The sensitivity analysis underscores the critical role of parameters such as the transmission probabilities (\(\beta _{ah}\), and \(\beta _h\)), awareness level (\(\theta\)), and isolation rate (q). The findings reveal that higher public vigilance and effective isolation measures can significantly lower the number of exposed and infected individuals, thereby reducing the spread of the virus. Additionally, the results demonstrate that targeting these sensitive parameters can have a substantial impact on reducing the overall disease burden, making these measures pivotal in epidemic control strategies.

The numerical simulations further illustrate how varying levels of public compliance with self-isolation and awareness campaigns can alter the course of an epidemic.

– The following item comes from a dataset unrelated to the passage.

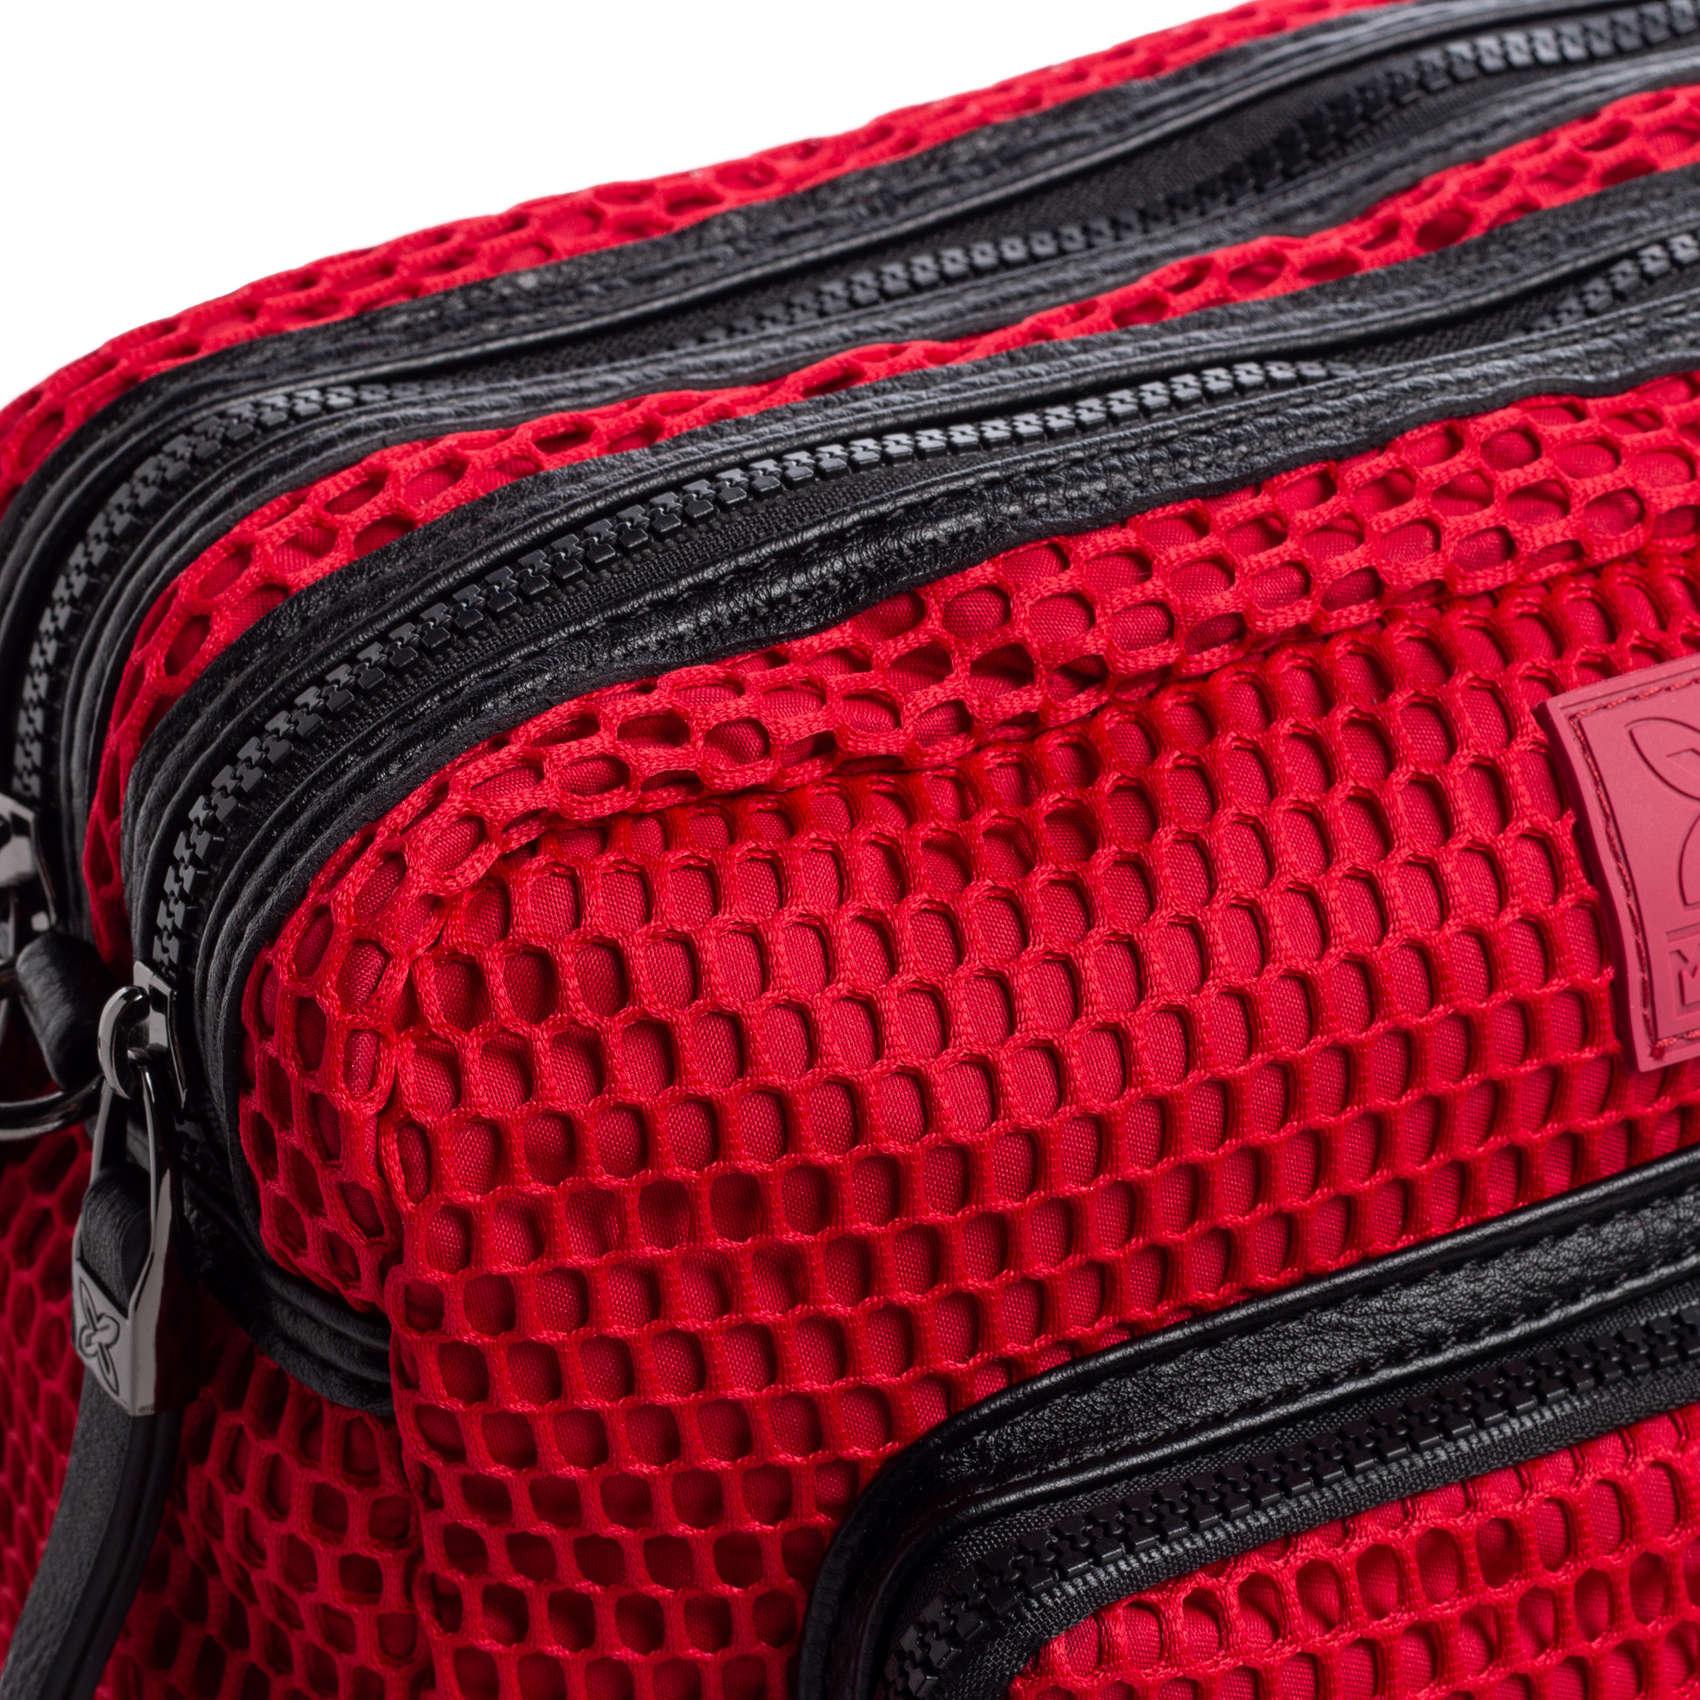 NET BANDOLERA RED

Even partial compliance with these interventions can substantially mitigate the spread, emphasizing the value of community engagement in public health efforts.

Public health interventions like isolation and awareness programs must address stigmatization risks and socioeconomic barriers to compliance, particularly for high-risk groups. Ethical implementation through financial support, culturally sensitive messaging, and anonymized testing can enhance effectiveness while minimizing harm. Our findings on partial compliance underscore the need for inclusive strategies that balance public health goals with equity.

In summary, the study offers a robust framework for understanding the dynamics of mpox transmission and highlights the importance of tailored interventions. The insights derived from this research can inform policymakers in designing more effective response strategies to combat current and future mpox outbreaks. The findings, supported by real-world data and rigorous analysis, make a significant contribution to the field of infectious disease modeling and can serve as a valuable reference for public health authorities aiming to minimize the impact of mpox.

We will extend this work by incorporating stochastic elements to capture random events and uncertainties in real-world disease spread. Further, an age-structure analysis of the model will provide more age-specific transmission patterns and generate targeted recommendations for different age groups. Moreover, real-time feedback mechanisms, including adaptive testing protocols, isolation measures, and mobility restrictions, will be integrated to evaluate dynamic intervention effectiveness.